If you choose to focus on the wrong or unimportant tasks, you can do them harder, faster and better than anybody else and find nobody cares. Being effective has a very high leverage on your performance and career. It is important to keep this in mind.

What if you knew that your boss thinks your peer gets done more in a day than you in a week?
That can happen if you chose to do the wrong task.
Pareto! Alfredo Pareto!

Does it sound like the newest coffee blend?

Most people have heard about the Pareto principle or the so called 80/20 rule. It is used in time management frequently. And often – wrongly – explained as the rule that the 20% most important tasks account for the 80% most important outcomes.

The Pareto principle can be found in many areas of life. Think of this: The English language has about 200,000 words in common use. An educated person knows about 20,000. That is a 90/10 distribution! Why would you try to learn 200,000 words if 20,000 will do? This will reduce your efforts by 90% and you will easily hold any conversation.
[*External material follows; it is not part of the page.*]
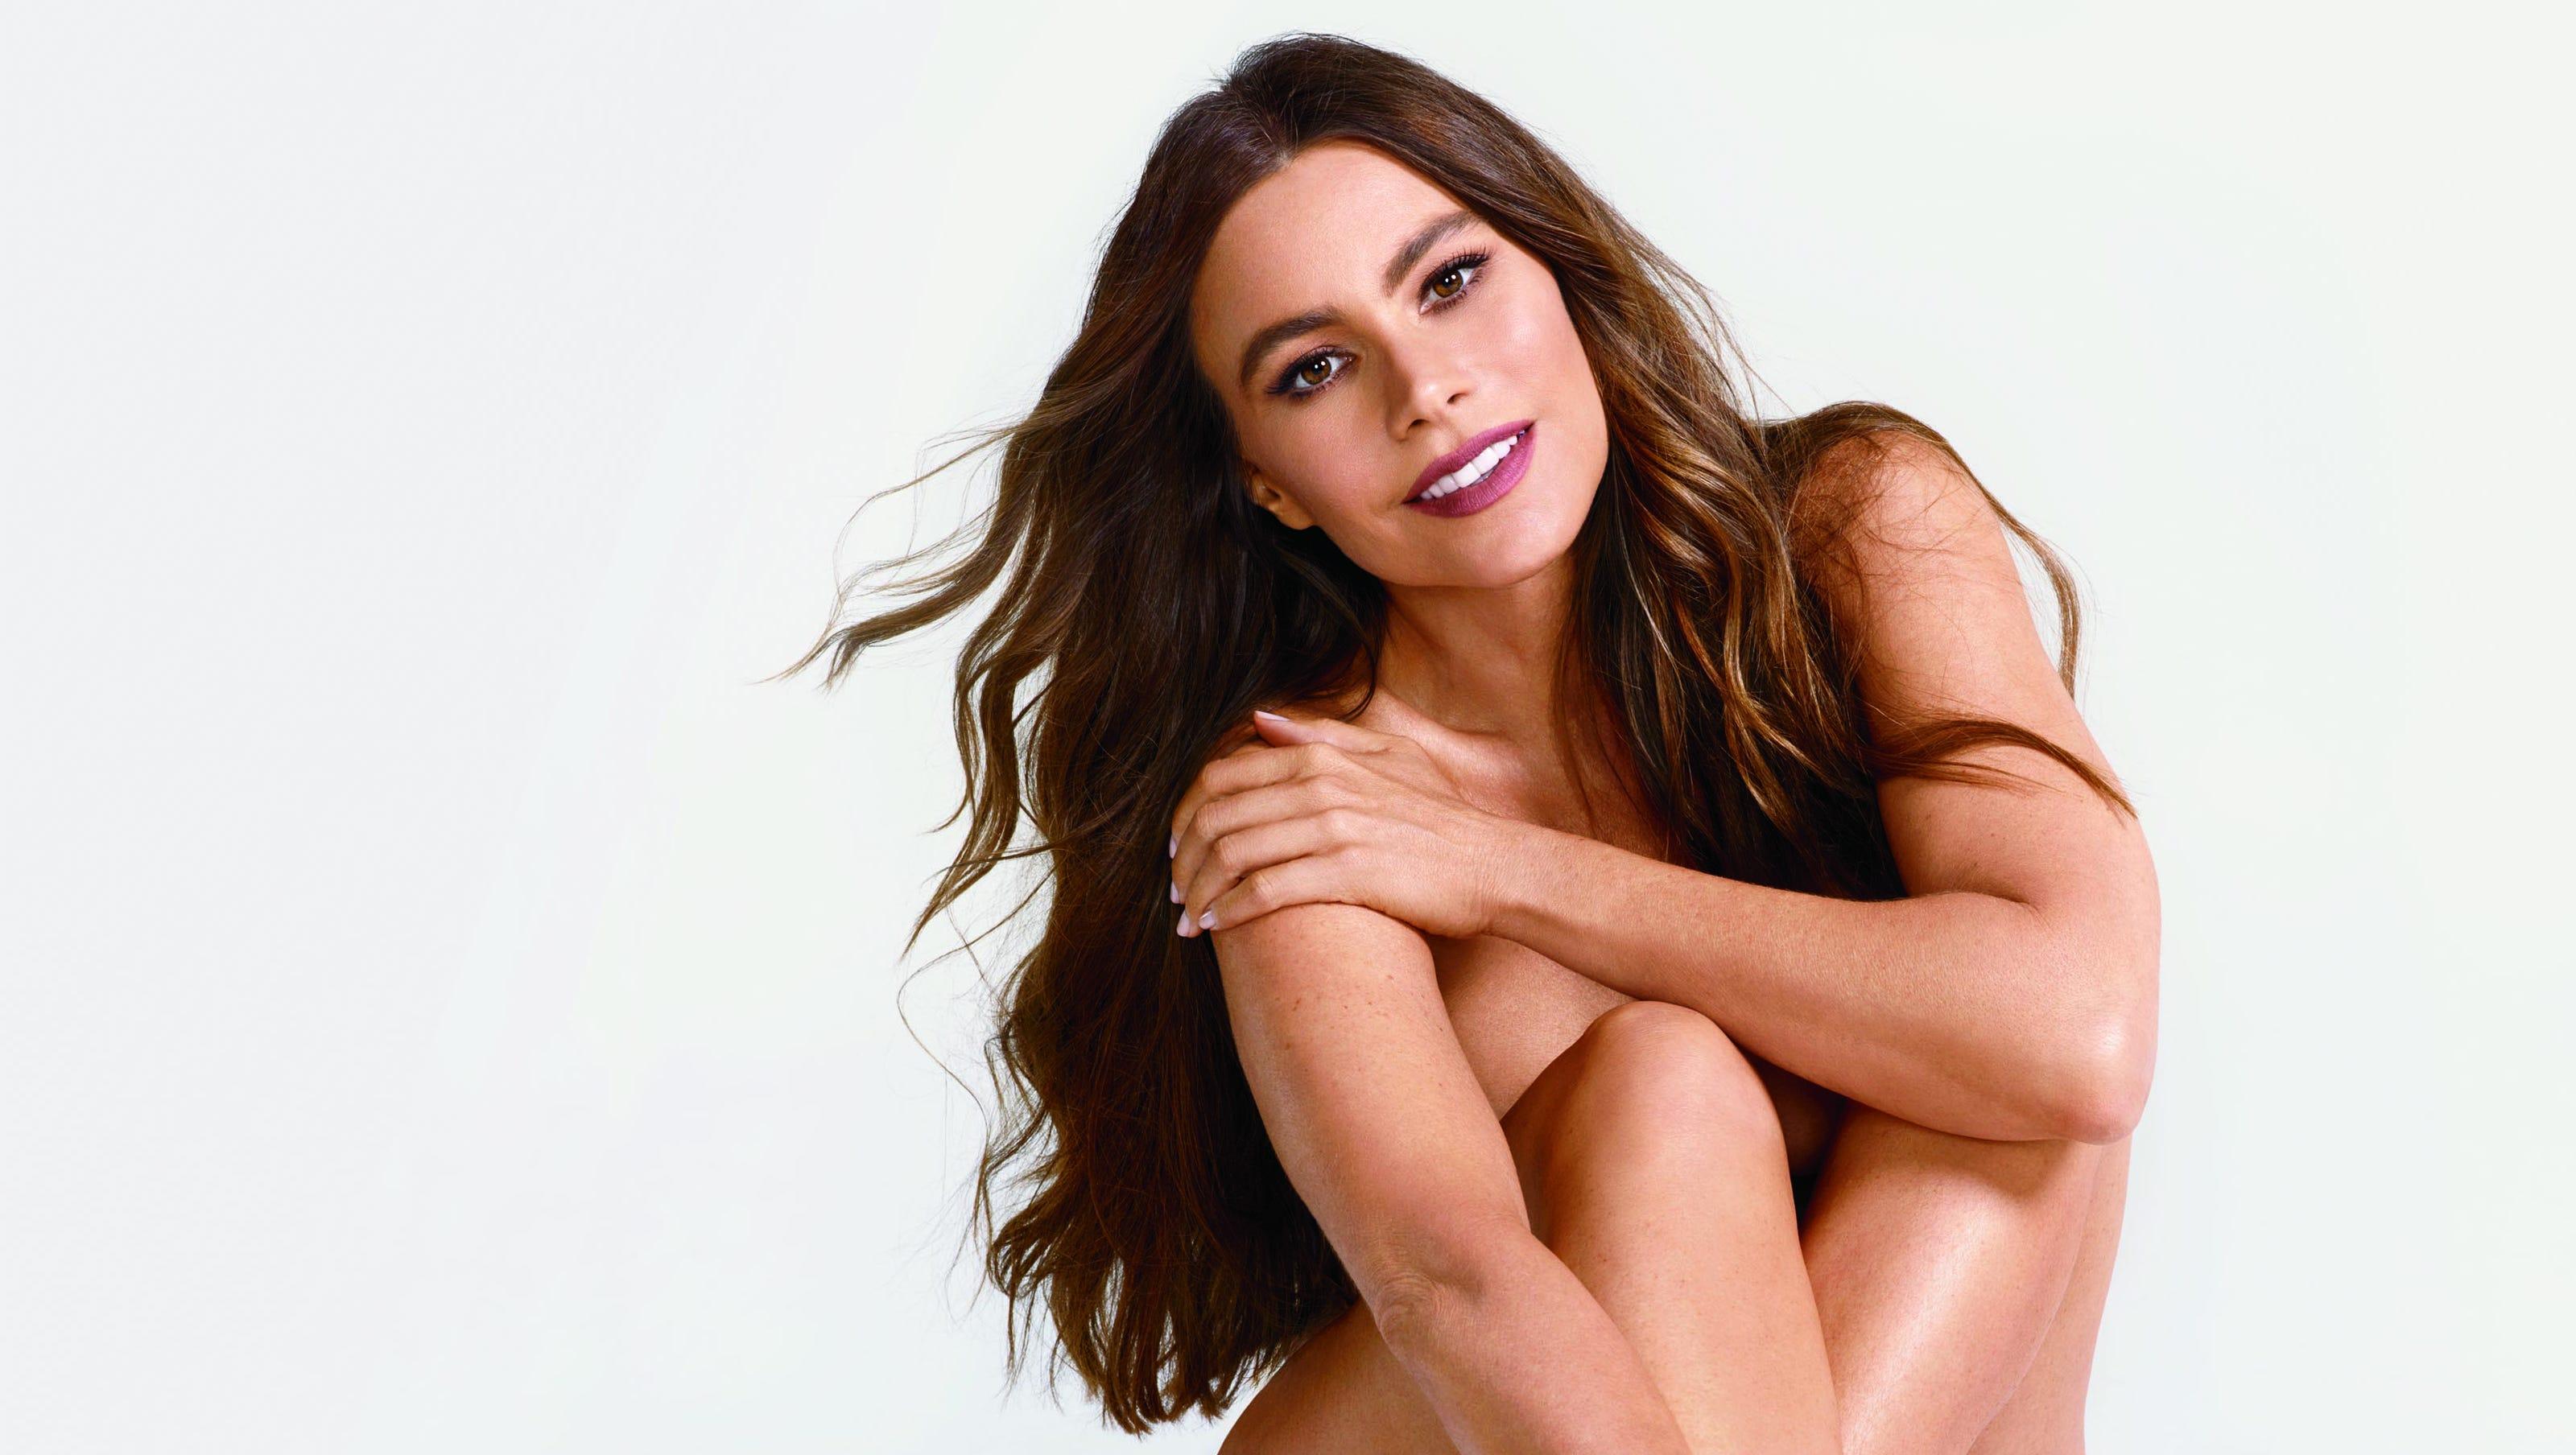 Amanda seyfried nude fakes

You could take it even further: a typical person uses about 2,000 different words a week.

Pareto has found that similar relationships exist a lot in distributions, for example that 20% people own 80% of land. Microsoft found that by fixing the right 20% of bugs, 80% of the most frequent complaints and crashes would be eliminated. Pareto’s law simply says that often a small subset accounts for the biggest outcomes. It can be 90/10, 70/10, 70/20 … it does not need to add up to 100.

Your challenge will be to identity which 20,000 words you should focus on when you are learning English.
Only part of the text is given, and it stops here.